# gay friendly community



## lincharlie (Jul 29, 2012)

Hello everyone, My partner and me are going to Cyprus to live long term at the begining of next year, I will arrive here to have a look our furture house on Oct. Of course I know Cyprus is not USA,it's totally impossible for us to find a gay-friendly community as same as Castro in San Franciso. But we would like to choose a community with friendly people from diffrent countries that relatively friendly toward us.We are low key and easy going.Could it possible let me know which one in Paphos or Larnaca is OK for us? Any recommendation are welcome and thanks in advance! 


Lin Charlie


----------



## PatandDave (Jul 15, 2012)

Why worry about your sexuality?
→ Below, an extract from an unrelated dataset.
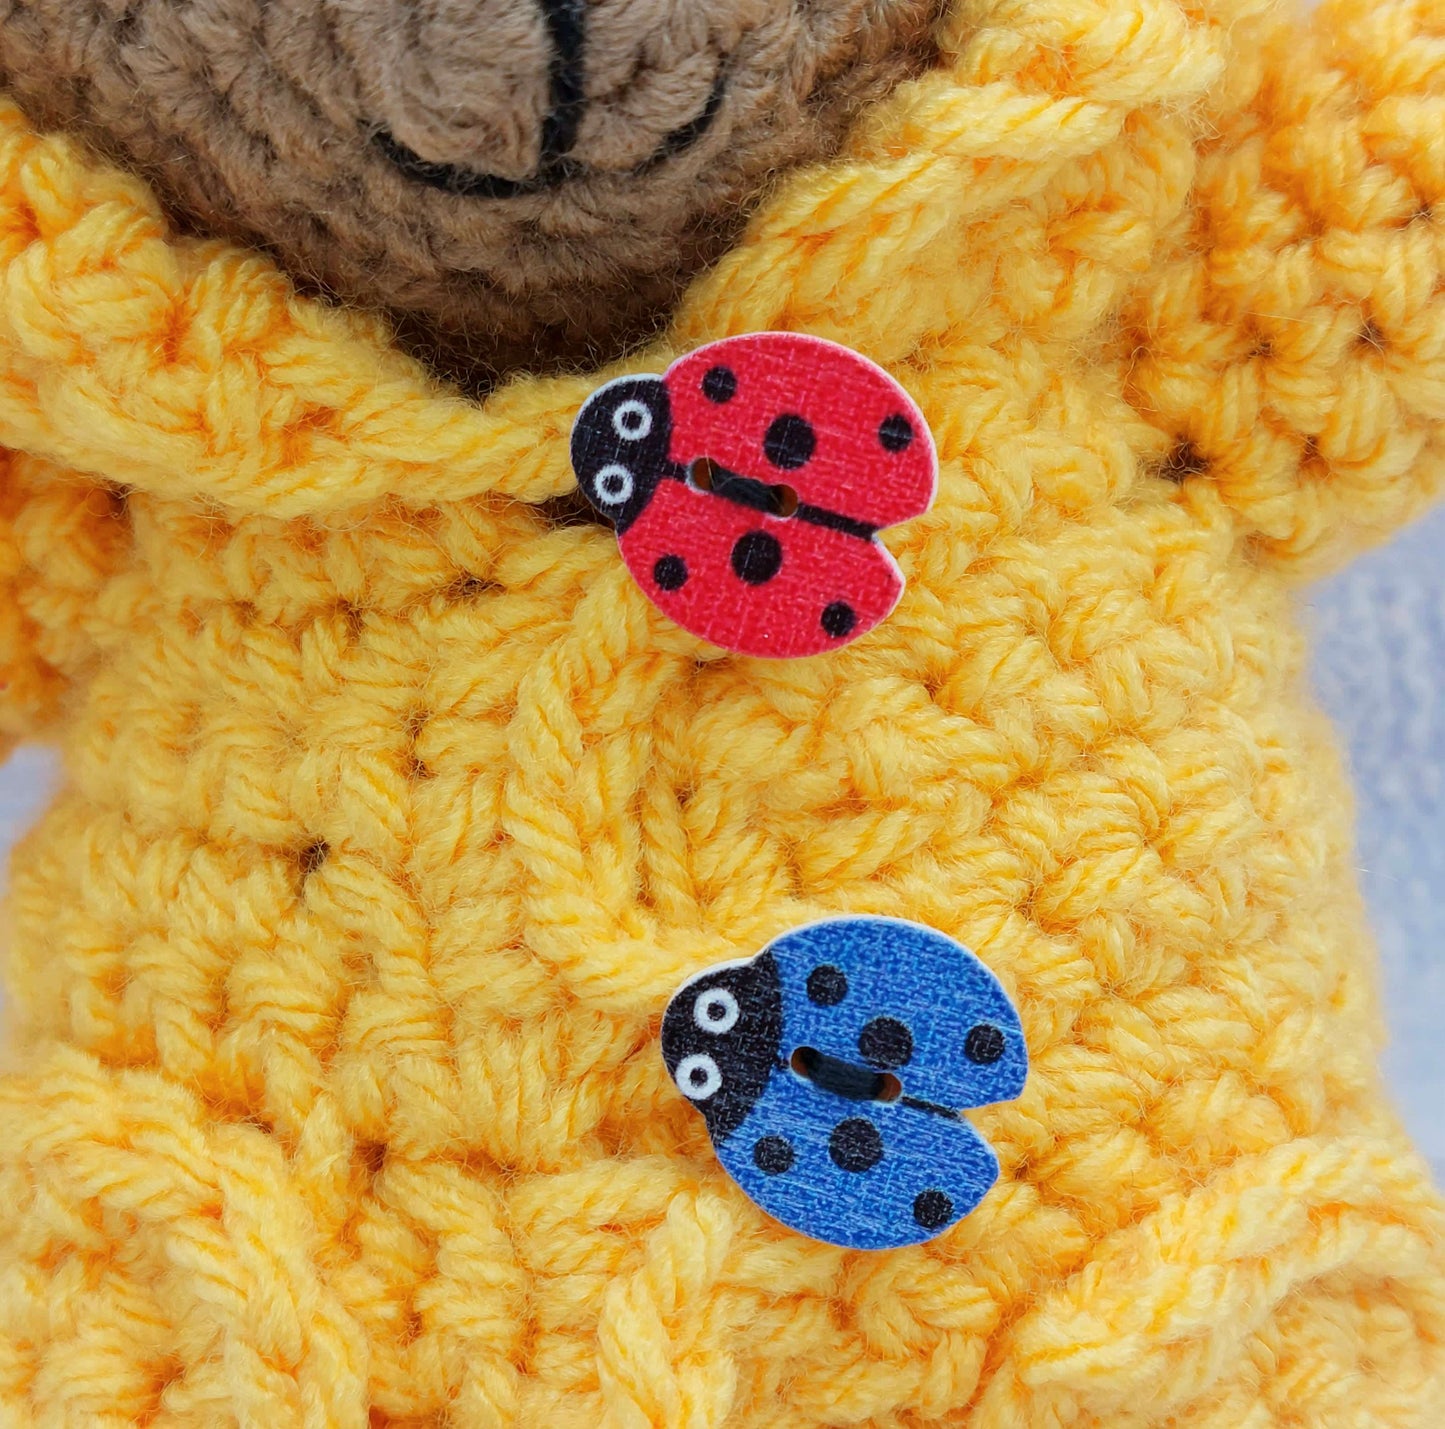 Baby Waffles the Bear - PDF Crochet Pattern

In this day and age of civil partnerships and gay marriage, does it really matter what your sexual preference is? most people except same sex relationships these days! People will like you for yourself and that is the important thing. My husband and I have many gay friends, they are our friends because they are nice people! STOP WORRYING...be happy
Pat x


----------



## lincharlie (Jul 29, 2012)

PatandDave said:


> Why worry about your sexuality? In this day and age of civil partnerships and gay marriage, does it really matter what your sexual preference is? most people except same sex relationships these days! People will like you for yourself and that is the important thing. My husband and I have many gay friends, they are our friends because they are nice people! STOP WORRYING...be happy
> Pat x


Thank you ! for the people with open-minded,sexuality is not a matter at all. We proud what we are! Just being told that this country has a history of orthodox,We prefer have a friendly neighborhood when we live at a new place.


----------



## Veronica (Apr 5, 2008)

I have seen some quite openly gay couples wandering around Paphos and no one seems to take any notice of them at all.


----------



## lincharlie (Jul 29, 2012)

Thank you, Veronica. Then I think I can relax when I arrive here!


----------